_What this task involves_. All of the data that follows should be retyped exactly as it appears.

- - - -

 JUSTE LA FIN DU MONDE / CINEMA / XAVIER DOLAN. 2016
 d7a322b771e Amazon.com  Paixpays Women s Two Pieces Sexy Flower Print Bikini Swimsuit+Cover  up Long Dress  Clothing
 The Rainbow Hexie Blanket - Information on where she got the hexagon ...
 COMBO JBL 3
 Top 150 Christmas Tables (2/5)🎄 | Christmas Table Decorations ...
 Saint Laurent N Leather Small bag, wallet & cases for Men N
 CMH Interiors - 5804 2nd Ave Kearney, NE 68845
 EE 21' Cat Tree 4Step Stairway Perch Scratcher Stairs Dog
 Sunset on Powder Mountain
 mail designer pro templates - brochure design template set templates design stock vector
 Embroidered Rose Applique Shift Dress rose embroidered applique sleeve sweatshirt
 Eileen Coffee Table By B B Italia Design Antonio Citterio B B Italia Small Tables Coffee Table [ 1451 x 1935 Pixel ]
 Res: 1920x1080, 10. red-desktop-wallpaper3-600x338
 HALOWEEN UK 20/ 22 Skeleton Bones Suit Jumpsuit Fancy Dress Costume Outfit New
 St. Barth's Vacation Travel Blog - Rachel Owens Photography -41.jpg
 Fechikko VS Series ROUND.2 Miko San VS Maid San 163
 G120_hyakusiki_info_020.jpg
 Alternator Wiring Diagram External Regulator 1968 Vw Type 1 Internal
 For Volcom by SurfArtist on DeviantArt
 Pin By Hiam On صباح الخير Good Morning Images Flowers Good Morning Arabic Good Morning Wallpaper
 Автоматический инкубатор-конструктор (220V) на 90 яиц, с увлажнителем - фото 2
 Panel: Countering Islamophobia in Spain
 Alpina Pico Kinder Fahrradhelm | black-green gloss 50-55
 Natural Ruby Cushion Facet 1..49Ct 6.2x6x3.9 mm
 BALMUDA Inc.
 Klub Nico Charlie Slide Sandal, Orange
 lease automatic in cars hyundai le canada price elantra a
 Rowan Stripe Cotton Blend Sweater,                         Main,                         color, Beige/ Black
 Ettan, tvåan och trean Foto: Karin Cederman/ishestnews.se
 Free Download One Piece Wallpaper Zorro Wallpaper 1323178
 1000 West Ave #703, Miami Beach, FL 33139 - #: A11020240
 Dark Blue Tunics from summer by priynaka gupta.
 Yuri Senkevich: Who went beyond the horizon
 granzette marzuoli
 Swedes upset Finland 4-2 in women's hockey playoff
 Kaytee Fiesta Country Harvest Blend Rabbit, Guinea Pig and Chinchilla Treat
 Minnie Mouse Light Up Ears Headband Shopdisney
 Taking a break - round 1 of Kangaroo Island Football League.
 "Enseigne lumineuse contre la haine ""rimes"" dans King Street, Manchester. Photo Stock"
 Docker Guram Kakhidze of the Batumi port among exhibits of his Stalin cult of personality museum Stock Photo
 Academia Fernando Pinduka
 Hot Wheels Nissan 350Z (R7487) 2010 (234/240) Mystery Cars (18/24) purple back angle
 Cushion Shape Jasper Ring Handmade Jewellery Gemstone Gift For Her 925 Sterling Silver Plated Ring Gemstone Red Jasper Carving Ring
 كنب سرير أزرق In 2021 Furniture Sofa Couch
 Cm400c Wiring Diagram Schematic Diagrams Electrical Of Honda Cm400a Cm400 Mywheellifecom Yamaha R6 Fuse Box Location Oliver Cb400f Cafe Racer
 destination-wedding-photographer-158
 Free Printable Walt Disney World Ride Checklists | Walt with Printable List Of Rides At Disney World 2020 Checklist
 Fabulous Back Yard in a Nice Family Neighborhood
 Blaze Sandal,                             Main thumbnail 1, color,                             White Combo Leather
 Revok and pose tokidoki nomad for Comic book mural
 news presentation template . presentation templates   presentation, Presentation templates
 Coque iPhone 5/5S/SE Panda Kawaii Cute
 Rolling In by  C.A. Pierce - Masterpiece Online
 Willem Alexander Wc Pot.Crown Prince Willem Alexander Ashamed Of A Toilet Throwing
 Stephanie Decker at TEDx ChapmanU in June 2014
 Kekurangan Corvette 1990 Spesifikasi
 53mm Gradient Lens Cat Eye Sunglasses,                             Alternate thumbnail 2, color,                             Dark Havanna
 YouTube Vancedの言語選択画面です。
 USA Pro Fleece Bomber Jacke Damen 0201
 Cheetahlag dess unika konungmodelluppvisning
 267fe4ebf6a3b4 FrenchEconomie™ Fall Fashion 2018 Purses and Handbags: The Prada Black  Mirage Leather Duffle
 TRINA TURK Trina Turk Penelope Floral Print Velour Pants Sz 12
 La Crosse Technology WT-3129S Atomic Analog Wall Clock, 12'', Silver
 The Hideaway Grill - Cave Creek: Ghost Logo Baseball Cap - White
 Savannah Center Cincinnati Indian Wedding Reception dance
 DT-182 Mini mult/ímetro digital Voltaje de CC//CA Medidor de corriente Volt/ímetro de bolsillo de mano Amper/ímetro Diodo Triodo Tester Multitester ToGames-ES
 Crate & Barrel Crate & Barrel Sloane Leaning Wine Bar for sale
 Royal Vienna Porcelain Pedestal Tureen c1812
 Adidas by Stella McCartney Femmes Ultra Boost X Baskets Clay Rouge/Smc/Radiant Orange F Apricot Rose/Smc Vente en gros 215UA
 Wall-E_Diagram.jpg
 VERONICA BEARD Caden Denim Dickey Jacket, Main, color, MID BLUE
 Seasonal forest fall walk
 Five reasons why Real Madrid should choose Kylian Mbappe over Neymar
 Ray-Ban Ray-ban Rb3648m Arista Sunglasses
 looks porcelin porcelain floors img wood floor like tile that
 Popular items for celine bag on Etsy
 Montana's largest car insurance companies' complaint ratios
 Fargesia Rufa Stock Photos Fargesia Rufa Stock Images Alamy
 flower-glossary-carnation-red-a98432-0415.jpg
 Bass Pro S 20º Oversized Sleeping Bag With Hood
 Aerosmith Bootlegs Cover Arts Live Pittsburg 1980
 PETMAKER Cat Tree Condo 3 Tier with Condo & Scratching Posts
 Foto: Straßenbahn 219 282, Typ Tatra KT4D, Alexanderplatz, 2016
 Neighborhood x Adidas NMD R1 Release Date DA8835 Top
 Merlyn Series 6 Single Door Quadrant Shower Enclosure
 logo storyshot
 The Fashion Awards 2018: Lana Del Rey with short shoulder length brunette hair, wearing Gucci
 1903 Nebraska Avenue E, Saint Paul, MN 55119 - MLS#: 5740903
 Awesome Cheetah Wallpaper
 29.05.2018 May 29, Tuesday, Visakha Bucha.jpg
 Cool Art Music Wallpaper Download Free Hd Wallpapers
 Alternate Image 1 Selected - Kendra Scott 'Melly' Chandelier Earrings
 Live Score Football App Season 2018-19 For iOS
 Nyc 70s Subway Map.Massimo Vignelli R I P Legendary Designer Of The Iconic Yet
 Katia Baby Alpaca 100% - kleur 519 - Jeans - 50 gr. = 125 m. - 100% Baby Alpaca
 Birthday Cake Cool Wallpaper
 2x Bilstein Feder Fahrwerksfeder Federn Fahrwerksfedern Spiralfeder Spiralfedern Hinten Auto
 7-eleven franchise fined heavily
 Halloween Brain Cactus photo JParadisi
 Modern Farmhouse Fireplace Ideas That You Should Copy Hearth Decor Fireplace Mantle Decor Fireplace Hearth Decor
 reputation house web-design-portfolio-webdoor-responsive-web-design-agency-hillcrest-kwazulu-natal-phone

- - - -

_Output for this task_.
 JUSTE LA FIN DU MONDE / CINEMA / XAVIER DOLAN. 2016
 d7a322b771e Amazon.com  Paixpays Women s Two Pieces Sexy Flower Print Bikini Swimsuit+Cover  up Long Dress  Clothing
 The Rainbow Hexie Blanket - Information on where she got the hexagon ...
 COMBO JBL 3
 Top 150 Christmas Tables (2/5)🎄 | Christmas Table Decorations ...
 Saint Laurent N Leather Small bag, wallet & cases for Men N
 CMH Interiors - 5804 2nd Ave Kearney, NE 68845
 EE 21' Cat Tree 4Step Stairway Perch Scratcher Stairs Dog
 Sunset on Powder Mountain
 mail designer pro templates - brochure design template set templates design stock vector
 Embroidered Rose Applique Shift Dress rose embroidered applique sleeve sweatshirt
 Eileen Coffee Table By B B Italia Design Antonio Citterio B B Italia Small Tables Coffee Table [ 1451 x 1935 Pixel ]
 Res: 1920x1080, 10. red-desktop-wallpaper3-600x338
 HALOWEEN UK 20/ 22 Skeleton Bones Suit Jumpsuit Fancy Dress Costume Outfit New
 St. Barth's Vacation Travel Blog - Rachel Owens Photography -41.jpg
 Fechikko VS Series ROUND.2 Miko San VS Maid San 163
 G120_hyakusiki_info_020.jpg
 Alternator Wiring Diagram External Regulator 1968 Vw Type 1 Internal
 For Volcom by SurfArtist on DeviantArt
 Pin By Hiam On صباح الخير Good Morning Images Flowers Good Morning Arabic Good Morning Wallpaper
 Автоматический инкубатор-конструктор (220V) на 90 яиц, с увлажнителем - фото 2
 Panel: Countering Islamophobia in Spain
 Alpina Pico Kinder Fahrradhelm | black-green gloss 50-55
 Natural Ruby Cushion Facet 1..49Ct 6.2x6x3.9 mm
 BALMUDA Inc.
 Klub Nico Charlie Slide Sandal, Orange
 lease automatic in cars hyundai le canada price elantra a
 Rowan Stripe Cotton Blend Sweater,                         Main,                         color, Beige/ Black
 Ettan, tvåan och trean Foto: Karin Cederman/ishestnews.se
 Free Download One Piece Wallpaper Zorro Wallpaper 1323178
 1000 West Ave #703, Miami Beach, FL 33139 - #: A11020240
 Dark Blue Tunics from summer by priynaka gupta.
 Yuri Senkevich: Who went beyond the horizon
 granzette marzuoli
 Swedes upset Finland 4-2 in women's hockey playoff
 Kaytee Fiesta Country Harvest Blend Rabbit, Guinea Pig and Chinchilla Treat
 Minnie Mouse Light Up Ears Headband Shopdisney
 Taking a break - round 1 of Kangaroo Island Football League.
 "Enseigne lumineuse contre la haine ""rimes"" dans King Street, Manchester. Photo Stock"
 Docker Guram Kakhidze of the Batumi port among exhibits of his Stalin cult of personality museum Stock Photo
 Academia Fernando Pinduka
 Hot Wheels Nissan 350Z (R7487) 2010 (234/240) Mystery Cars (18/24) purple back angle
 Cushion Shape Jasper Ring Handmade Jewellery Gemstone Gift For Her 925 Sterling Silver Plated Ring Gemstone Red Jasper Carving Ring
 كنب سرير أزرق In 2021 Furniture Sofa Couch
 Cm400c Wiring Diagram Schematic Diagrams Electrical Of Honda Cm400a Cm400 Mywheellifecom Yamaha R6 Fuse Box Location Oliver Cb400f Cafe Racer
 destination-wedding-photographer-158
 Free Printable Walt Disney World Ride Checklists | Walt with Printable List Of Rides At Disney World 2020 Checklist
 Fabulous Back Yard in a Nice Family Neighborhood
 Blaze Sandal,                             Main thumbnail 1, color,                             White Combo Leather
 Revok and pose tokidoki nomad for Comic book mural
 news presentation template . presentation templates   presentation, Presentation templates
 Coque iPhone 5/5S/SE Panda Kawaii Cute
 Rolling In by  C.A. Pierce - Masterpiece Online
 Willem Alexander Wc Pot.Crown Prince Willem Alexander Ashamed Of A Toilet Throwing
 Stephanie Decker at TEDx ChapmanU in June 2014
 Kekurangan Corvette 1990 Spesifikasi
 53mm Gradient Lens Cat Eye Sunglasses,                             Alternate thumbnail 2, color,                             Dark Havanna
 YouTube Vancedの言語選択画面です。
 USA Pro Fleece Bomber Jacke Damen 0201
 Cheetahlag dess unika konungmodelluppvisning
 267fe4ebf6a3b4 FrenchEconomie™ Fall Fashion 2018 Purses and Handbags: The Prada Black  Mirage Leather Duffle
 TRINA TURK Trina Turk Penelope Floral Print Velour Pants Sz 12
 La Crosse Technology WT-3129S Atomic Analog Wall Clock, 12'', Silver
 The Hideaway Grill - Cave Creek: Ghost Logo Baseball Cap - White
 Savannah Center Cincinnati Indian Wedding Reception dance
 DT-182 Mini mult/ímetro digital Voltaje de CC//CA Medidor de corriente Volt/ímetro de bolsillo de mano Amper/ímetro Diodo Triodo Tester Multitester ToGames-ES
 Crate & Barrel Crate & Barrel Sloane Leaning Wine Bar for sale
 Royal Vienna Porcelain Pedestal Tureen c1812
 Adidas by Stella McCartney Femmes Ultra Boost X Baskets Clay Rouge/Smc/Radiant Orange F Apricot Rose/Smc Vente en gros 215UA
 Wall-E_Diagram.jpg
 VERONICA BEARD Caden Denim Dickey Jacket, Main, color, MID BLUE
 Seasonal forest fall walk
 Five reasons why Real Madrid should choose Kylian Mbappe over Neymar
 Ray-Ban Ray-ban Rb3648m Arista Sunglasses
 looks porcelin porcelain floors img wood floor like tile that
 Popular items for celine bag on Etsy
 Montana's largest car insurance companies' complaint ratios
 Fargesia Rufa Stock Photos Fargesia Rufa Stock Images Alamy
 flower-glossary-carnation-red-a98432-0415.jpg
 Bass Pro S 20º Oversized Sleeping Bag With Hood
 Aerosmith Bootlegs Cover Arts Live Pittsburg 1980
 PETMAKER Cat Tree Condo 3 Tier with Condo & Scratching Posts
 Foto: Straßenbahn 219 282, Typ Tatra KT4D, Alexanderplatz, 2016
 Neighborhood x Adidas NMD R1 Release Date DA8835 Top
 Merlyn Series 6 Single Door Quadrant Shower Enclosure
 logo storyshot
 The Fashion Awards 2018: Lana Del Rey with short shoulder length brunette hair, wearing Gucci
 1903 Nebraska Avenue E, Saint Paul, MN 55119 - MLS#: 5740903
 Awesome Cheetah Wallpaper
 29.05.2018 May 29, Tuesday, Visakha Bucha.jpg
 Cool Art Music Wallpaper Download Free Hd Wallpapers
 Alternate Image 1 Selected - Kendra Scott 'Melly' Chandelier Earrings
 Live Score Football App Season 2018-19 For iOS
 Nyc 70s Subway Map.Massimo Vignelli R I P Legendary Designer Of The Iconic Yet
 Katia Baby Alpaca 100% - kleur 519 - Jeans - 50 gr. = 125 m. - 100% Baby Alpaca
 Birthday Cake Cool Wallpaper
 2x Bilstein Feder Fahrwerksfeder Federn Fahrwerksfedern Spiralfeder Spiralfedern Hinten Auto
 7-eleven franchise fined heavily
 Halloween Brain Cactus photo JParadisi
 Modern Farmhouse Fireplace Ideas That You Should Copy Hearth Decor Fireplace Mantle Decor Fireplace Hearth Decor
 reputation house web-design-portfolio-webdoor-responsive-web-design-agency-hillcrest-kwazulu-natal-phone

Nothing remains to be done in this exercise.